OS, Overall survival; PFS, Progression-free survival; LDH, Lactate dehydrogenase; ECOG, Eastern Cooperative Oncology Group; NRP-1, Neuropilin-1; IPI, International prognostic index; NKTCL, NK/T-cell lymphoma; HL, Hodgkin’s lymphoma; DLBCL, Diffuse large B-cell lymphoma; ALCL, Anaplastic large cell lymphoma; EBER, EBV-encoded RNA; LMP-1, Latent membrane protein 1; VEGF165, Vascular endothelial growth factor 165; VEGFR-2, VEGF receptor 2; ${}^{*}P<$ 0.05.

3.6 The relationships between EBV and the clinicopathological parameters of 111 cases

The analysis indicated that the positive expression of EBER in lymphomas positively correlated with male patients ( $\chi^{2}=$ 13.835, $P<$ 0.001; $r=$ 0.353, $P<$ 0.001), highly expressed LMP-1 ( $\chi^{2}=$ 65.538, $P<$ 0.001; $r=$ 0.768, $P<$ 0.001), high expression of VEGFR-2 ( $\chi^{2}=$ 20.766, $P<$ 0.001; $r=$ 0.433, $P<$ 0.001), and overexpression of CD34 ( $\chi^{2}=$ 4.919, $P=$ 0.027; $r=$ 0.219, $P=$ 0.027), with statistical significance.
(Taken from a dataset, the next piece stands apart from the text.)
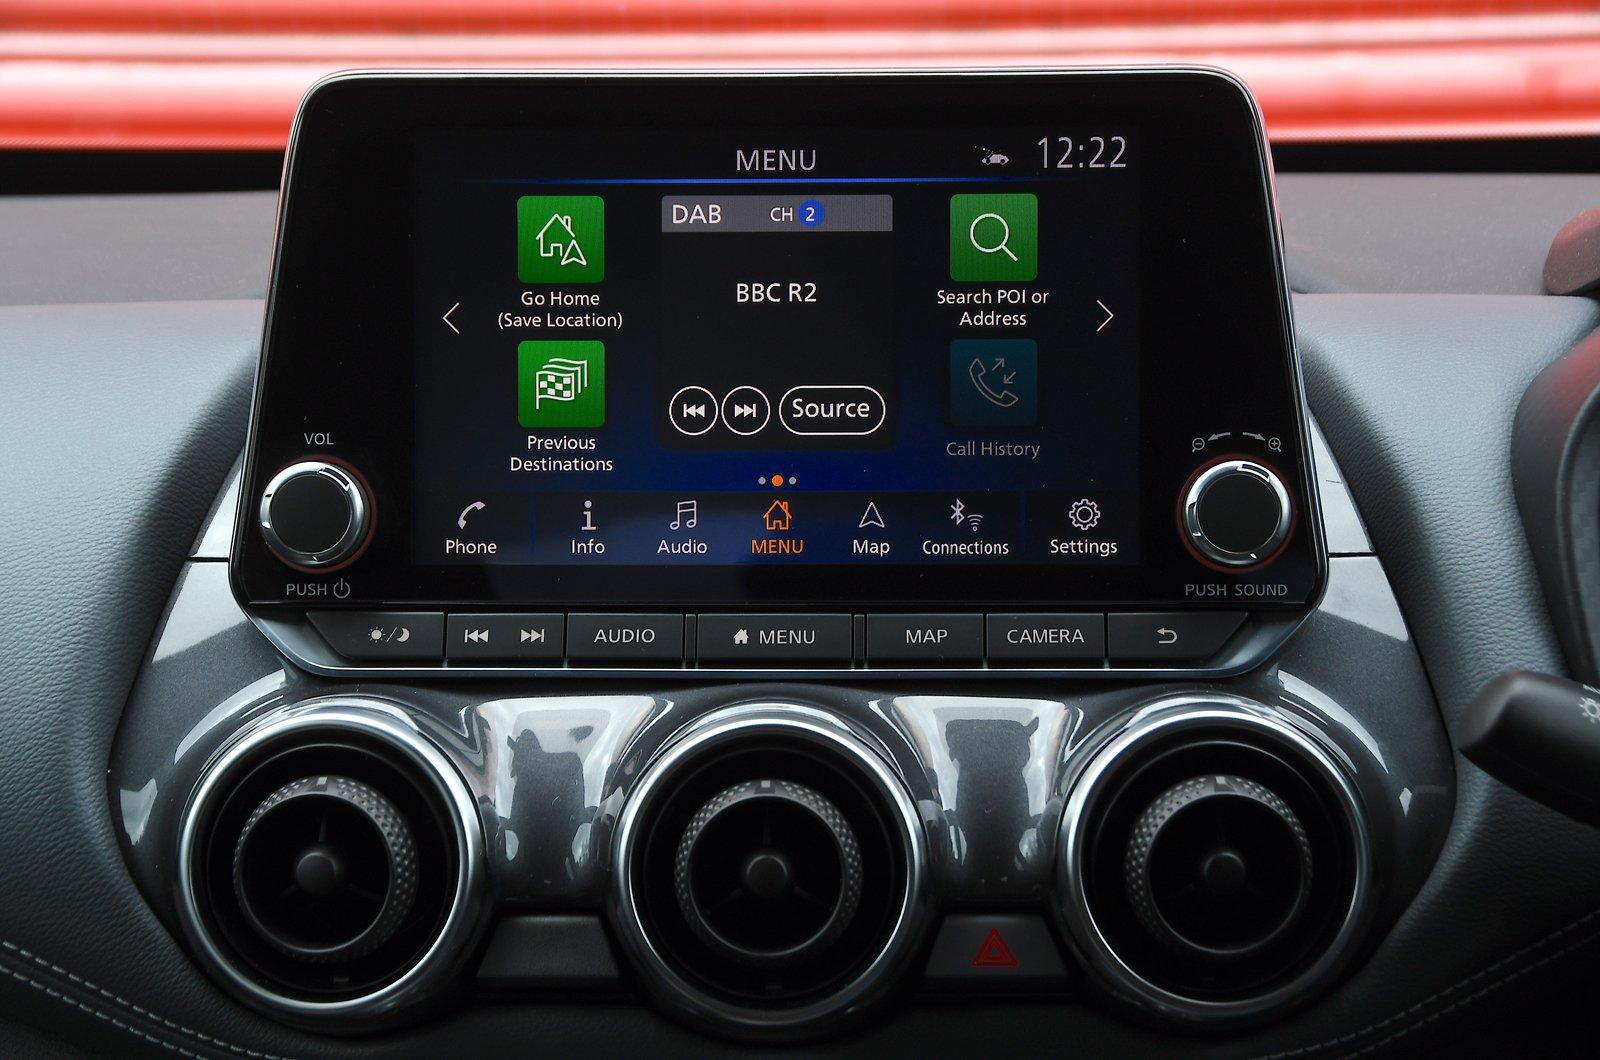 Nissan Juke infotainment touchscreen

By contrast, positively expressed EBER had a negative association with clinical stages III–IV ( $\chi^{2}=$ 5.363, $P=$ 0.021; $r=-$ 0.220, $P=$ 0.020) and high Eastern Cooperative Oncology Group (ECOG) scores ( $\chi^{2}=$ 4.420, $P=$ 0.036; $rt=-$ 0.200, $P=$ 0.036), with statistical significance.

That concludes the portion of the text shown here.